In fact, these new weds face challenges as they continue blending everything they have. Likewise, blended families face challenges as they integrate their family life. In fact, these problems are common to all family life irrespective of the label it wears.
Be Flexible
Sometimes people’s lives deviate from the original blueprint. However, embracing the blessings when your reality falls short of the ideal plan can be helpful. Likewise, you will need to be flexible in a blended family setup.
You will need to bend some things such as family dinners, bedtime routines, household chores, holidays, and birthday celebrations. In other words, you must let go of what you think is ideal and be happy and contented with reality. This change is what will fill your home with life and joy.
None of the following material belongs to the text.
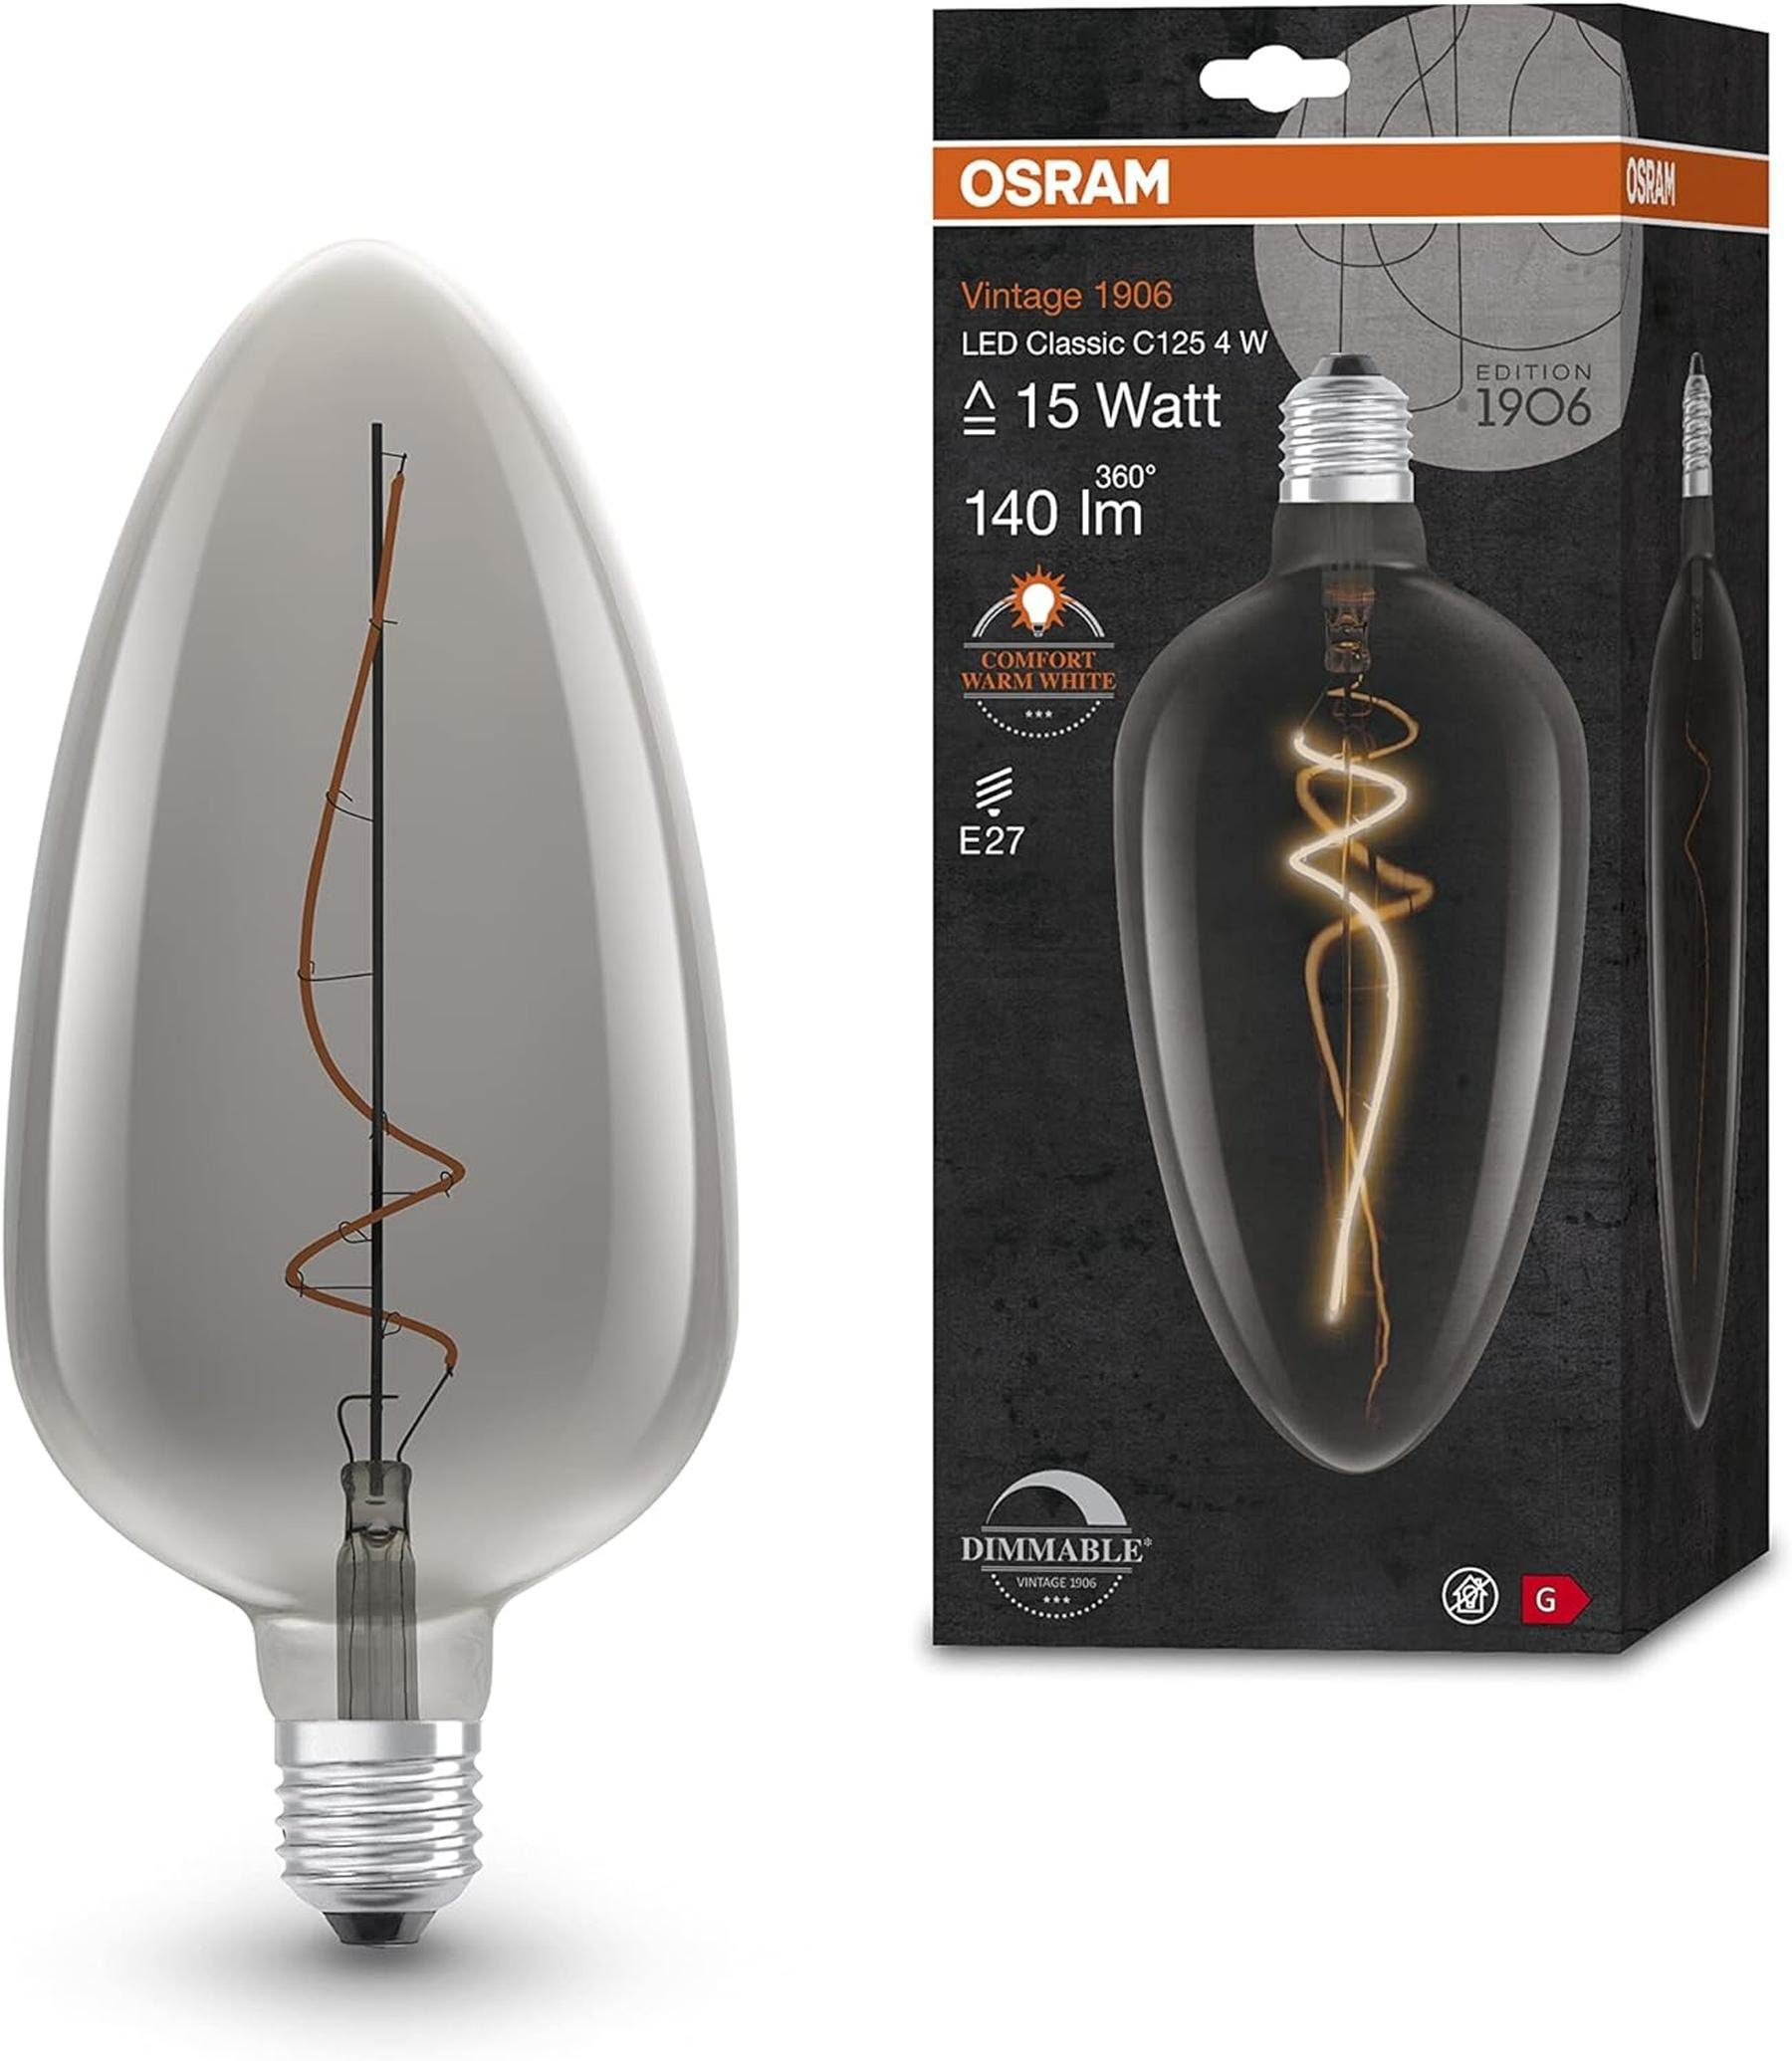 Osram LED-Leuchtmittel OSRAM Lamps Vintage 1906 LED-Lampe Smoke-Tönung,4W,140lm e27

Nurture an Environment of Love and Acceptance
Everyone feels better when they sense that there are loved and adored. This is a key ingredient in a blended family. It’s important to realize that every family member has experienced some loss. The dad and mom lost their initial partners, and the children lost one of their parents. As a result, every member is unsure of the root cause of the loss as well as their role in the matter.
They may be wondering whether they will fit at all in the new one. The saying “Once bitten, twice shy” may be filling their mind. However, giving each family member a large and continuous dose of love can heal the wounds and clear their doubts.
Express love, kindness, and care to each member of the family that you reflect on and let them know that you have been thinking about them. Affirm their worth when you get the chance. In fact, use kind words, compliments, connections, hugs, and kisses to let every family member feel lavishly loved. Letting them know that they mean the world to you will make your blended family healthy and happy.
Show Respect to Spouse’s and Your Ex
Showing respect to someone who hurt you in the past can be tricky. However, doing so demonstrates your character and doesn’t also valid their behavior.
It’s important to lead by example and show respect to your ex because it demonstrates to your children that you’re full of integrity, and they should imitate that. Further, respecting your spouse’s ex-wife or husband minimizes tension in your marriage. It’s important to note that the ex-wife is their biological mother while the ex-husband is their father, and nothing can replace that, including you.
Accepting that fact and avoiding negative comments about them in front of their children or at all times can eliminate conflict in your marriage. Indeed, showing them respect and not undermining them can help improve relationships in the family and between yourselves.